# Task 2: Advanced Analytics Implementation (35 Points)
In this ipynb file, we have a quick and easy way to run queries using the "runQuery(query)" function. Just call that function with your query as its parameter.

# Table of Contents

- [Task 2: Advanced Analytics Implementation](#task-2-advanced-analytics-implementation)
    - [Setup](#setup)
        - [Imports](#imports)
        - [Database and pandas setup](#database-and-pandas-setup)
        - [Function for running queries in a try-catch](#function-for-running-queries-in-a-try-catch)
- [1 - Time based trend analysis](#1---time-based-trend-analysis)
    - [Year-over-year growth analysis](#year-over-year-growth-analysis)
    - [Seasonal pattern identification](#seasonal-pattern-identification)
- [2 - Drill-down and Roll-up Operations](#2---drill-down-and-roll-up-operations)
    - [Multi-level aggregation (roll-up)](#multi-level-aggregation-roll-up)
        - [Roll-up revenue by day](#roll-up-revenue-by-day)
        - [Roll-up revenue by month](#roll-up-revenue-by-month)
        - [Roll-up revenue by year](#roll-up-revenue-by-year)
    - [Seasonal pattern identification (drill-down)](#seasonal-pattern-identification-drill-down)
        - [Revenue by city](#revenue-by-city)
        - [Revenue by state](#revenue-by-state)
- [3 - Advanced window function](#3---advanced-window-function)
    - [Ranking percentile calculations](#ranking-percentile-calculations)
    - [Moving averages and cumulative measures](#moving-averages-and-cumulative-measures)
- [4 - Complex filtering and subqueries](#4---complex-filtering-and-subqueries)
    - [Multi-dimensional filtering with EXISTS/IN clauses](#multi-dimensional-filtering-with-existsin-clauses)
    - [Correlated subqueries for comparative analysis](#correlated-subqueries-for-comparative-analysis)
- [5 - Business Intelligence Metrics](#5---business-intelligence-metrics)
    - [Customer/Product profitability analysis](#customerproduct-profitability-analysis)
    - [Performance KPI calculations specific to your domain](#performance-kpi-calculations-specific-to-your-domain)
- [Exporting results to CSV](#exporting-results-to-csv)

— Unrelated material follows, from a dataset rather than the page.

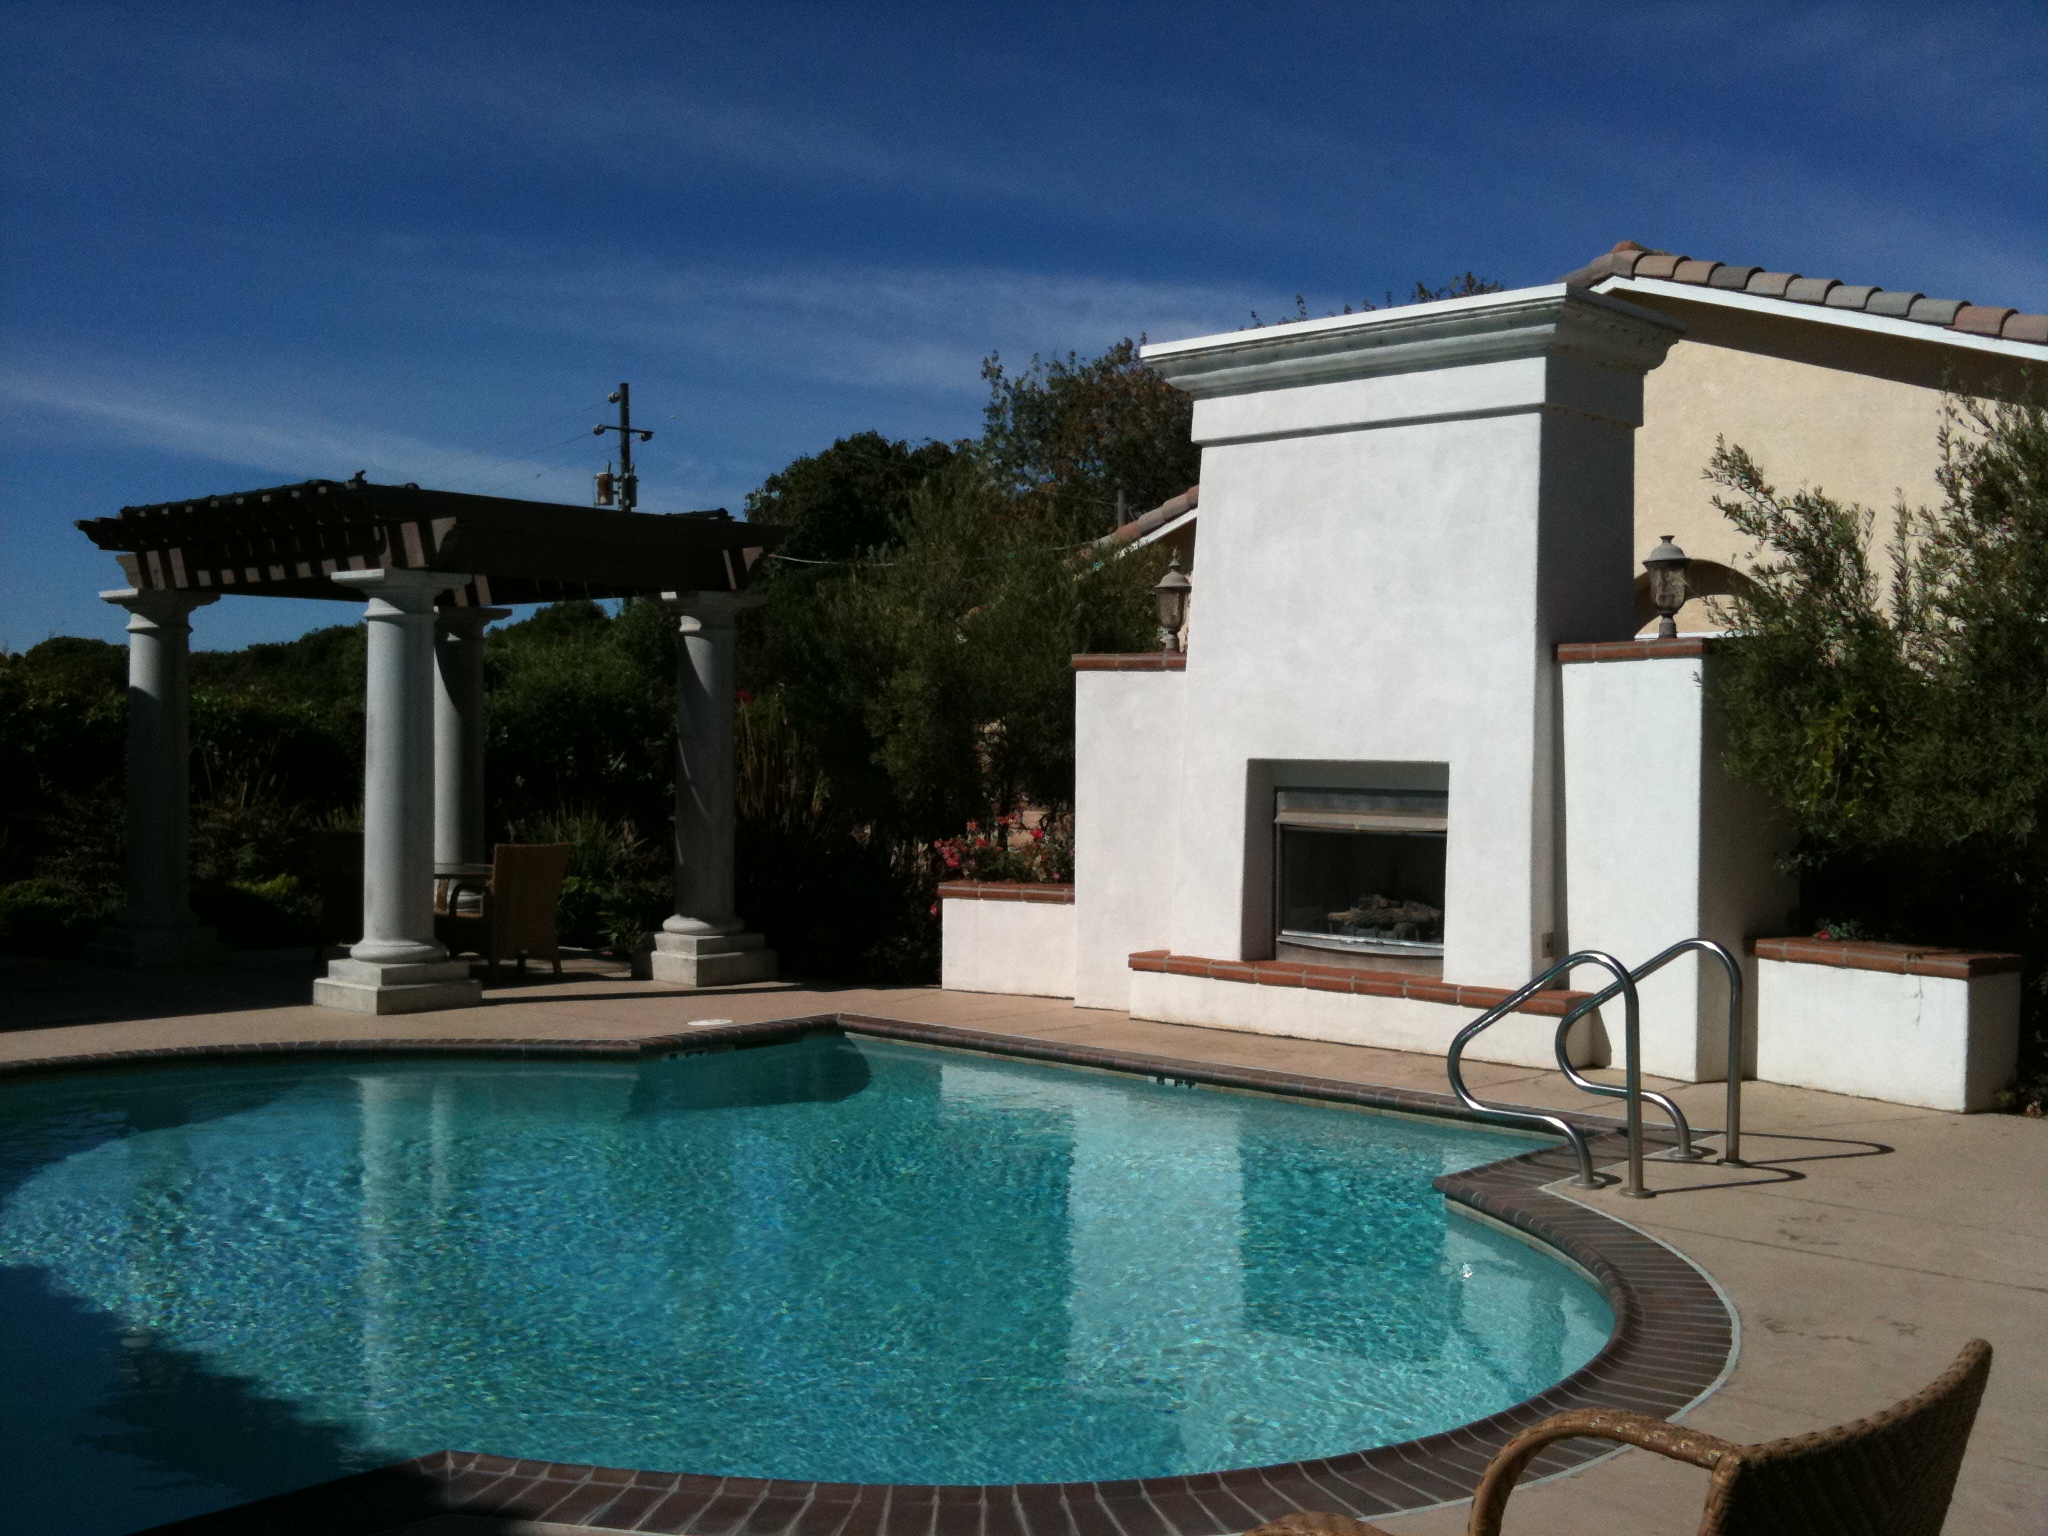 Outdoor Pool And Fireplace At La Ventana Clubhouse

*This table of contents has been made using generative AI*

## Setup

### Imports

In [None]:
# import pandas and sqlalchemy
import pandas as pd
from sqlalchemy import create_engine

# Visualization
import matplotlib.pyplot as plt  # For creating tree visualizations
import seaborn as sns           # For statistical plots

# to run this jupyter book, run:
# pip install ipykernel
# pip install pandas sqlalchemy matplotlib seaborn

### Database and pandas setup

In [None]:
# connection params
pd.set_option('display.max_rows', 100)        # Default is 10
pd.set_option('display.max_columns', 100)     # Default is 20

engine = create_engine("postgresql+psycopg2://postgres:2424@localhost:5432/bid3000")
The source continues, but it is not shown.